Read Matar a Pablo Escobar Online
Authors: Mark Bowden
Naturalmente, nadie iba a decirlo. A lo largo de aquellos meses, en los memorandos de la DEA los agentes utilizaban una variedad de eufemismos casi ridículos. En uno de ellos, fechado en septiembre, se señalaba que la PNC y la embajada de Estados Unidos deseaban que Escobar fuera «localizado» antes de que hiciera otro trato con el Gobierno, «lo cual equivaldría a dar comienzo a una nueva farsa». En otro memorando cursado por el agente Murphy en octubre, éste escribió: «Cabe destacar el optimismo de la PNC en la captura a Escobar, en tanto y en cuanto puedan “ganar” algo de tiempo evitando que se entregue al Gobierno. El GDC continuará apoyando con toda la ayuda de la que disponga».

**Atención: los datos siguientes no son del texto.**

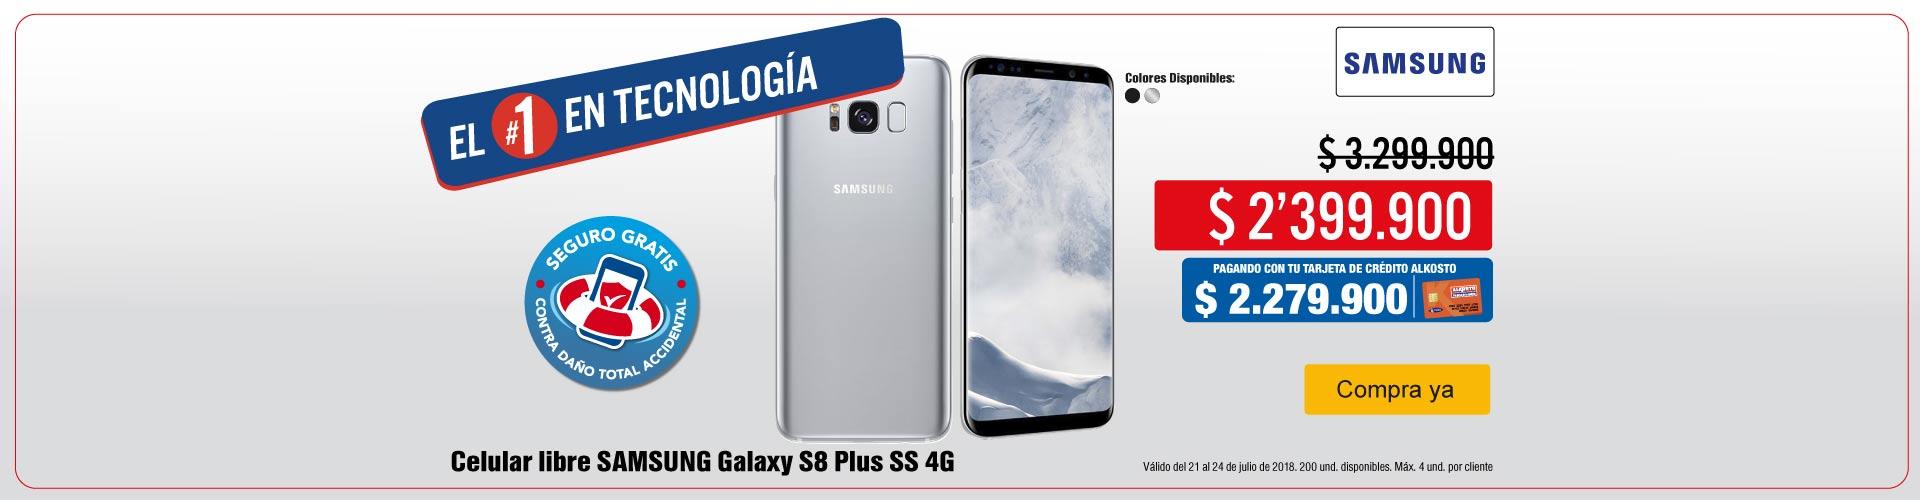 KT-PPAL-2-celulares-PP---Samsung-S8Plus-Jul2!

Si la cacería iba a volverse truculenta, los norteamericanos que se encontraban allí sabían de sobra cómo llevarla a cabo. Wagner, el jefe del destacamento de la CÍA en Colombia, no era un novato en el lado oscuro de la política suramericana. Wagner había comenzado su carrera en Chile en 1967. Pero dejó el país poco antes del derrocamiento del presidente socialista Salvador Allende en 1973, una operación encubierta llevada a cabo por Augusto Pinochet y orquestada por la CÍA. También había servido en Uruguay luchando contra los Tupamaros, la sofisticada guerrilla urbana; y más tarde había establecido un destacamento de la CÍA en Haití antes de llegar a jefe interno de la oficina de la Agencia en Miami, donde había ayudado a supervisar las operaciones norteamericanas en veintiséis países, incluida Cuba. Durante su permanencia en Miami, tuvieron lugar golpes de estado pacíficos en el Estado antillano de Granada (1979) y en Surinam (1980). Era un hombre reservado, pero con mucho mundo, un coleccionista de armas ávido y un amante de la naturaleza, aunque su aspecto —su tez pálida, sus gafas y su informalidad— no lo delatara. Sin embargo debajo de su apariencia relajada, no había en Wagner nada de pasivo. Sabía cómo jugar fuerte, tanto en las calles como en Washington. Había sido destinado a tareas de lucha contra el narcotráfico en el cuartel general de Langley, estado de Virginia: era el comienzo de la década de los ochenta, y la Agencia no se mostraba demasiado interesada en los narcóticos, pero en sólo un par de años Wagner los había convencido para que fuera considerada una de sus principales tareas. Uno de sus objetivos en Colombia era establecer un vínculo entre el tráfico de cocaína y las guerrillas FARC y ELN, vínculos que justificarían un cambio de rumbo de la guerra contra el narcotráfico: el problema de las fuerzas de seguridad sería a partir de entonces un asunto de importancia militar. Ése era el panorama que vislumbró Wagner al llegar a Colombia en enero de 1991, y la fuga de Pablo un año y medio más tarde había acelerado la transición. Ahora Wagner contaba con el tipo de recursos que Colombia necesitaba para declararle la guerra a los narcos. Para él, la cacería en la que se habían involucrado era un trabajo de tiempo completo.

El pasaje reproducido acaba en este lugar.